- 1
- Cuando se terminó toda la obra que Salomón realizó para el templo del Señor, Salomón puso allí todo lo que David, su padre, había dedicado.
La plata, el oro, y todos los utensilios, los puso en los tesoros del templo de Dios.
Salomón traslada el arca al templo
- 2
- Entonces Salomón reunió en Jerusalén a los ancianos de Israel y a todos los príncipes de las tribus y a los jefes de las familias israelitas, para que trasladaran el arca del pacto del Señor desde la ciudad de David, que es Sión.
- 3
- Con el rey se reunieron todos los varones de Israel, para celebrar la fiesta solemne del mes séptimo.
- 4
- Todos los ancianos de Israel hicieron acto de presencia, y los levitas tomaron el arca
- 5
- y la llevaron, junto con el tabernáculo de reunión y todos los utensilios del santuario que estaban en el tabernáculo.

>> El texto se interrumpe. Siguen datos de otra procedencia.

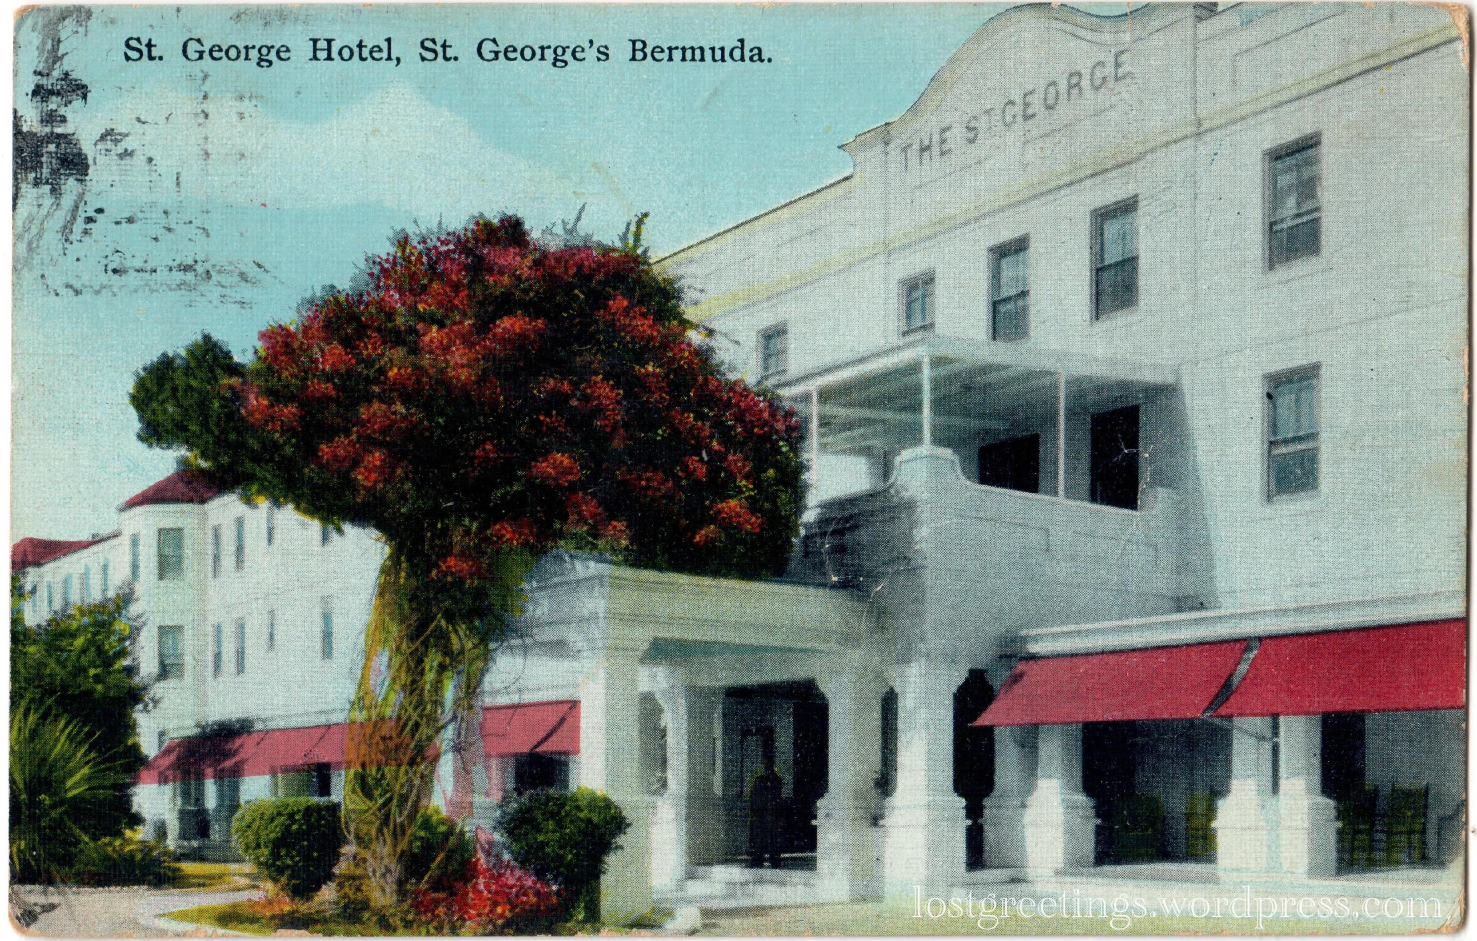 St George's, Bermuda APO 802 - 1941 Postcard lg

Los sacerdotes y los levitas los llevaron.
- 6
- Luego el rey Salomón y toda la congregación israelita allí reunida delante del arca, sacrificaron ovejas y bueyes.

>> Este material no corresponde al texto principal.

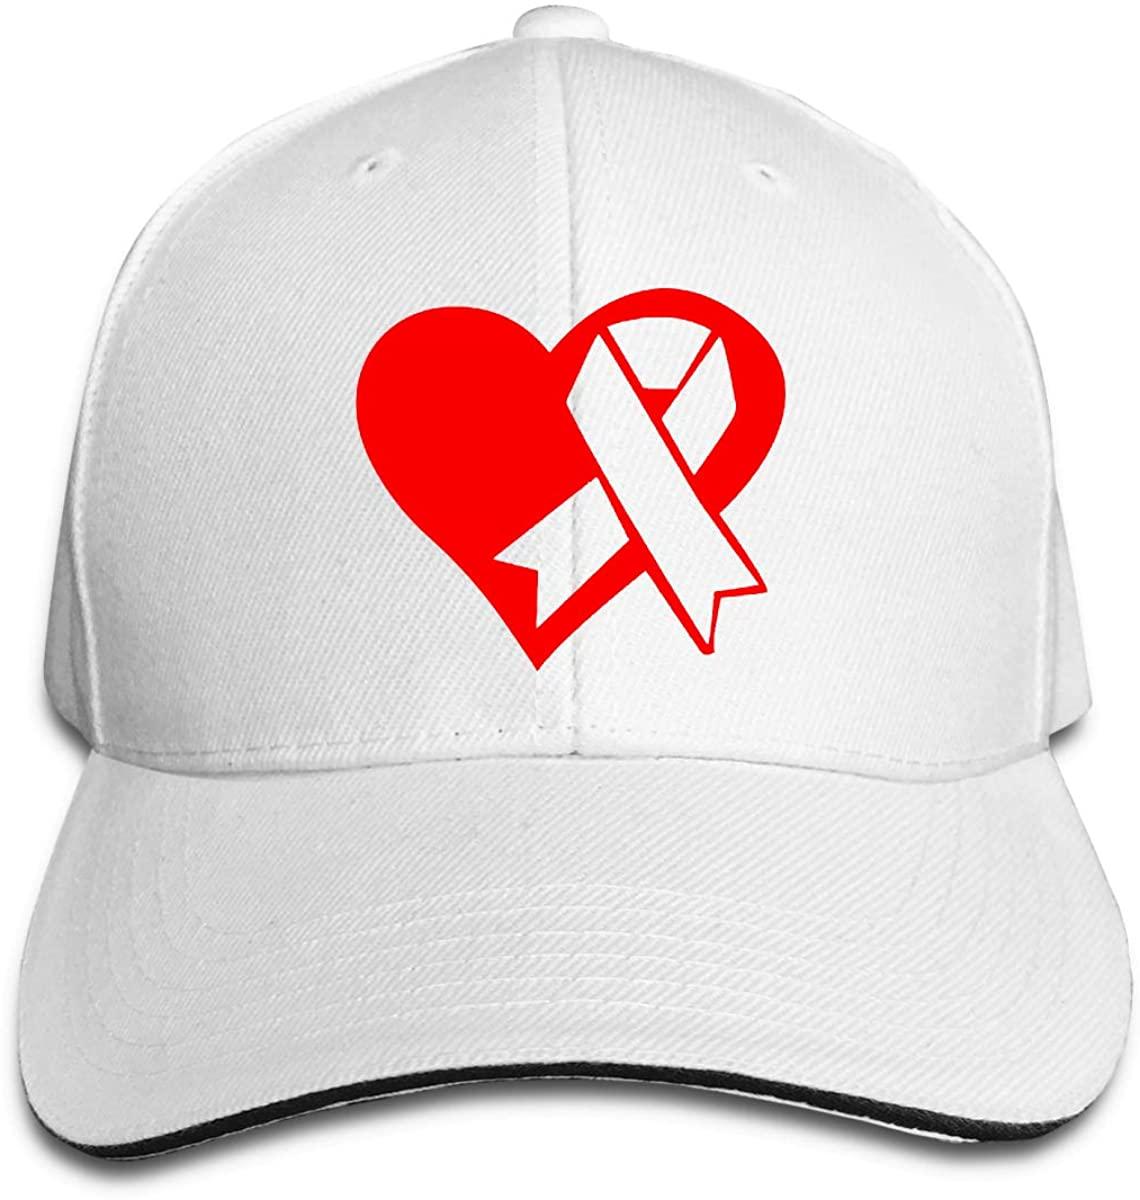 Asthma Diabetes Brain Cancer Parkinson's Disease Men's Or Women's Outdoor Baseball Cap Adjustable Strap

¡Eran tantos que no se pudieron contar!
- 7
- Los sacerdotes llevaron el arca del pacto del Señor a su lugar, en el santuario del templo, en el lugar santísimo, bajo las alas de los querubines.
- 8
- Los querubines extendían las alas sobre el lugar del arca, y de esa manera cubrían por encima tanto el arca como sus barras.
- 9
- Éstas sobresalían del arca, de modo que sus cabezas podían verse delante del lugar santísimo, aunque no se veían desde fuera.
Hasta el día de hoy, allí están.
- 10
- En el arca sólo estaban las dos tablas que Moisés había puesto en Horeb, con las cuales el Señor hizo un pacto con los hijos de Israel cuando salieron de Egipto.
- 11
- Los sacerdotes salieron del santuario.
Todos los sacerdotes que allí se encontraban habían sido santificados, y no mantenían sus turnos.
- 12
- Todos los levitas cantores, los de Asaf, los de Hemán y los de Jedutún, junto con sus hijos y sus parientes, estaban al oriente del altar, vestidos de lino fino y con címbalos y salterios y arpas.
Con ellos estaban ciento veinte sacerdotes que tocaban trompetas.
- 13
- Cuando las trompetas sonaban, todos cantaban al unísono y alababan y daban gracias al Señor.
A medida que alzaban la voz con trompetas y címbalos y otros instrumentos musicales, alababan al Señor y decían: «Ciertamente, él es bueno, y su misericordia es eterna». Entonces el templo, la casa del Señor, se llenó con una nube,
- 14
- y por causa de la nube los sacerdotes no podían estar allí para ministrar, porque la gloria del Señor había llenado el templo de Dios.